_Task input_
>>>>>

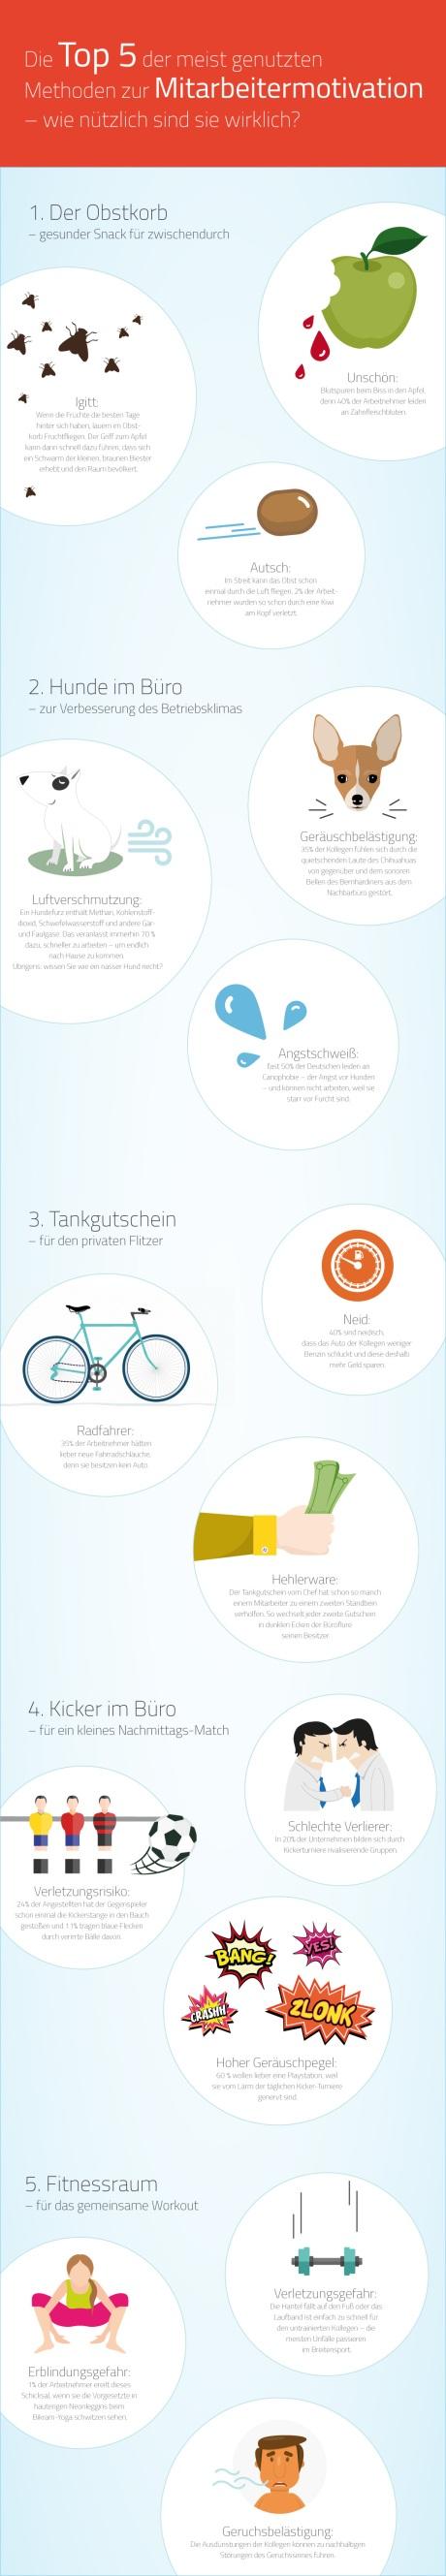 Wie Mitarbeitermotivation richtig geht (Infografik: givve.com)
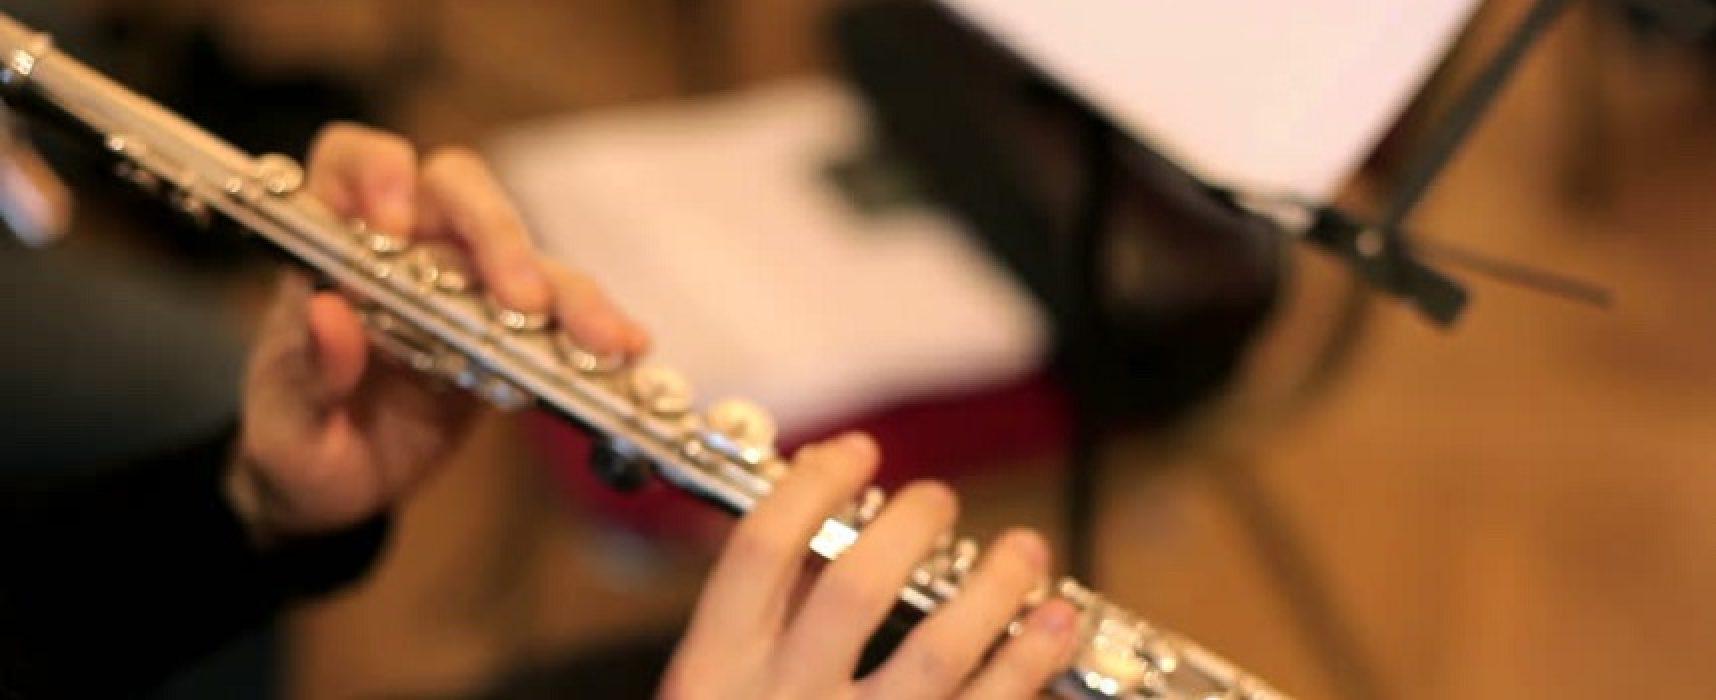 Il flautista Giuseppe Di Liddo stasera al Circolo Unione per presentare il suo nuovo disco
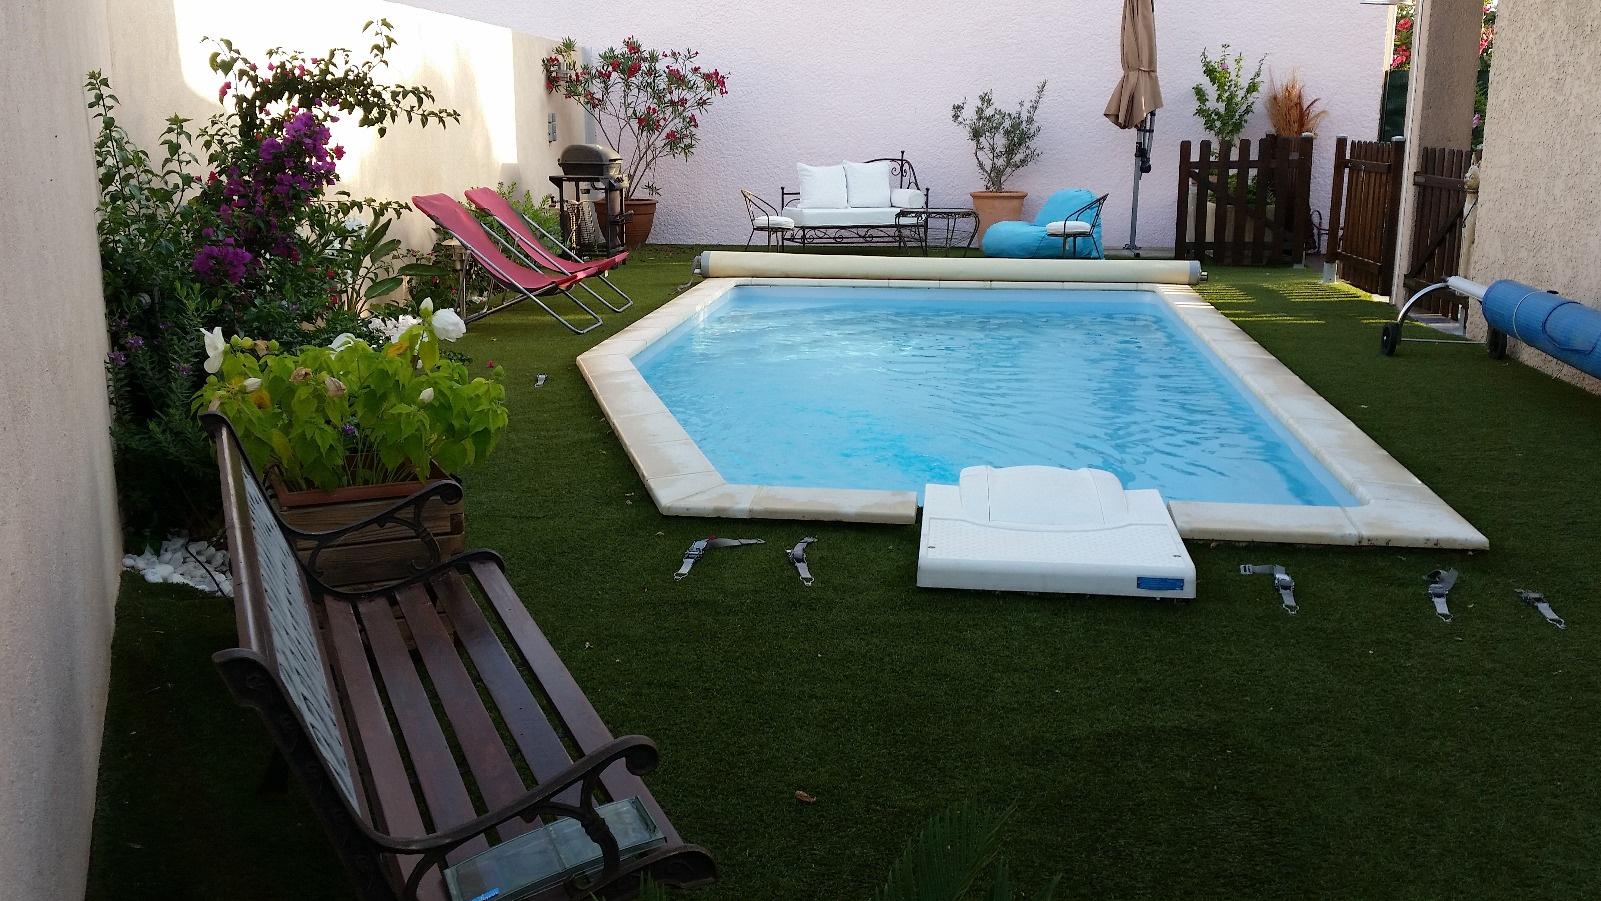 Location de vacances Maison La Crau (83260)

<<<<<
>>>>>

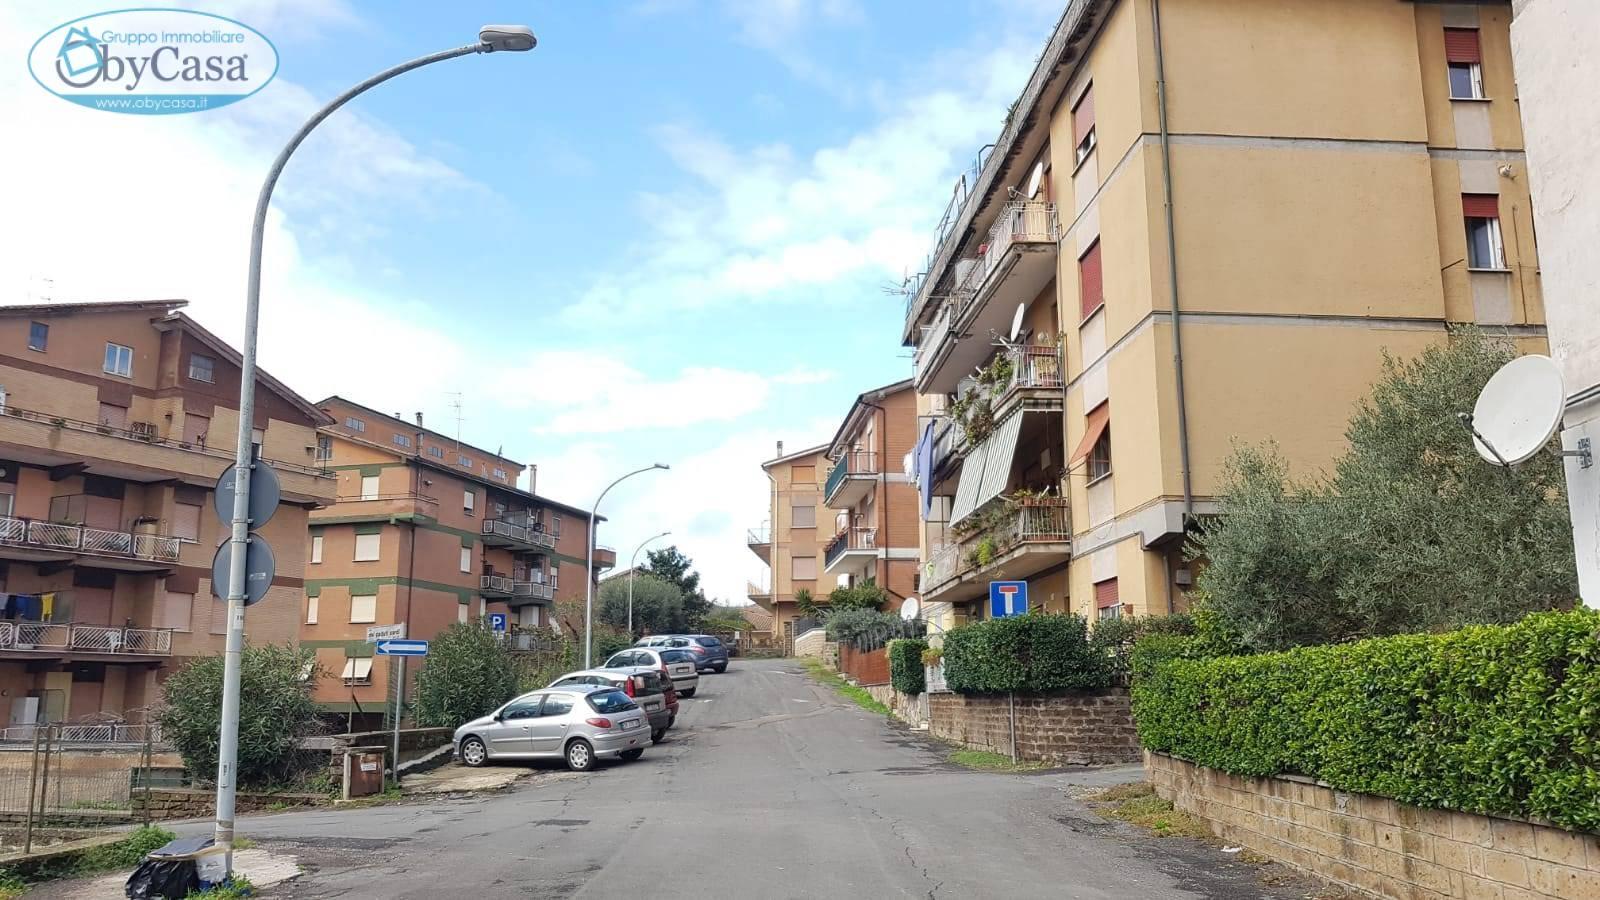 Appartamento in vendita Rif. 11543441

<<<<<

_Your instructions_
Please return the material above only from the line that holds "Il flautista Giuseppe" through the line that holds "Location de vacances Maison La Crau (83260)", exactly as it stands, ends included and pictures omitted.

_Response area_
 Il flautista Giuseppe Di Liddo stasera al Circolo Unione per presentare il suo nuovo disco
 Location de vacances Maison La Crau (83260)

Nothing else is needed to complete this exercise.